Our brains are constantly working. Giving your brain space to focus on itself combats overthinking and anxiety. Implement one or two mindfulness exercises during your daily routine. I personally do this each morning and night. Practicing mindfulness can help you relax gradually while creating a habit. Once the habit it formed, you will have a better balance of responsibilities. Try a few of these mindful actions. 

  • Practice meditation
  • Take a few deep breaths
  • Rethink and possibly change your state of mind
  • Remember that this will pass: You are on the right track.
  • Come to terms with the unavoidable
  • Unplug from your devices  

Stick to a plan

Scheduling your tasks and responsibilities not only makes life easier but also more manageable. Planning ahead keeps you looking to the future and always prepared for your next task. Sometimes lists and Google reminders can be a lot so take 10 seconds to just breathe. Pick one of your tasks, preferably an easy one, and focus on it until completion. It helps get the ball rolling and provides an instant sense of accomplishment.

  • Organize!
    • Make lists
    • Google Calendar is your friend!
  • Take things one task at a time
  • Plan ahead

We all have had to pull an all-nighter or skip a meal to finish a project, but making it a continuous habit will only lead to a constant state of overwhelming thoughts ending with burnout. It’s important to be driven and work hard, but if it’s at the expense of your physical and mental health, then it’s neither sustainable nor healthy.

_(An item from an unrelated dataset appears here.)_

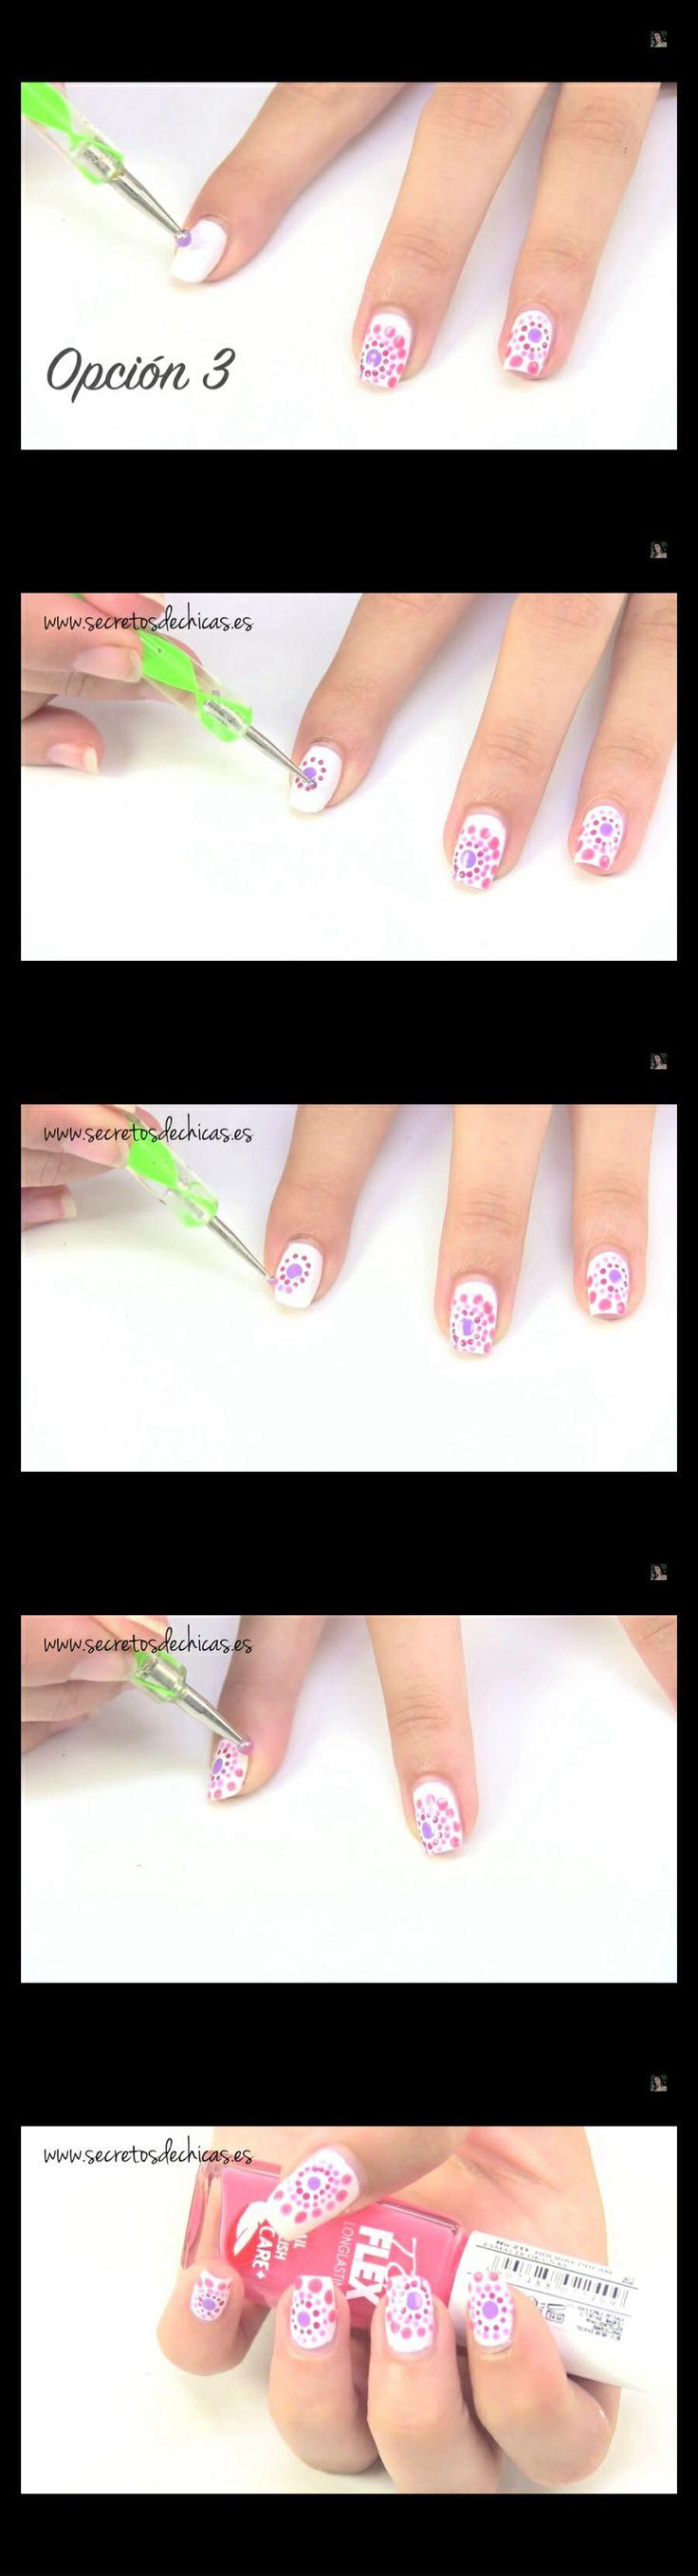 Diseño de uñas con puntos #secretosdechicas

Cut yourself some slack. Get into the mindset that you do NOT have to be productive every second of the day. Take time for yourself; otherwise, you’ll be sacrificing the quality of your work and your overall well-being.

Here are some additional tips I have for general wellness in college:

  • Don’t spread yourself too thin | Learn to say no
  • Get enough sleep
  • Eat something in the morning
  • Take time for yourself
  • Stay organized

Pearson Students –  Which of these tips do you find most helpful? Please let me know by commenting below!

 

 

Schuyler McKinley, a junior at the University of Minnesota, Twin Cities, studies strategic communications with an emphasis on public relations. When she’s not in class, you can find her exploring the cities, attending concerts and complimenting people’s dogs. Schuyler’s a pro at walking backwards while telling dad jokes as her time as a tour guide with Admissions Ambassadors has taught her well. She works as a content creator for CLAgency, a student-run communications agency for the College of Liberal Arts. Likewise, she’s the social media intern for Orientation & Transition Experiences for the U and a Pearson Campus Ambassador.

Schuyler is a Pearson Student Insider. To learn more about the program and apply, click here.

10 Comments

  1. Amethyst O'Connell 9 months ago

    It’s hard to be mindful to be productive. To self-care with the explicit weight of productivity over your shoulder. How do you get out of that cycle?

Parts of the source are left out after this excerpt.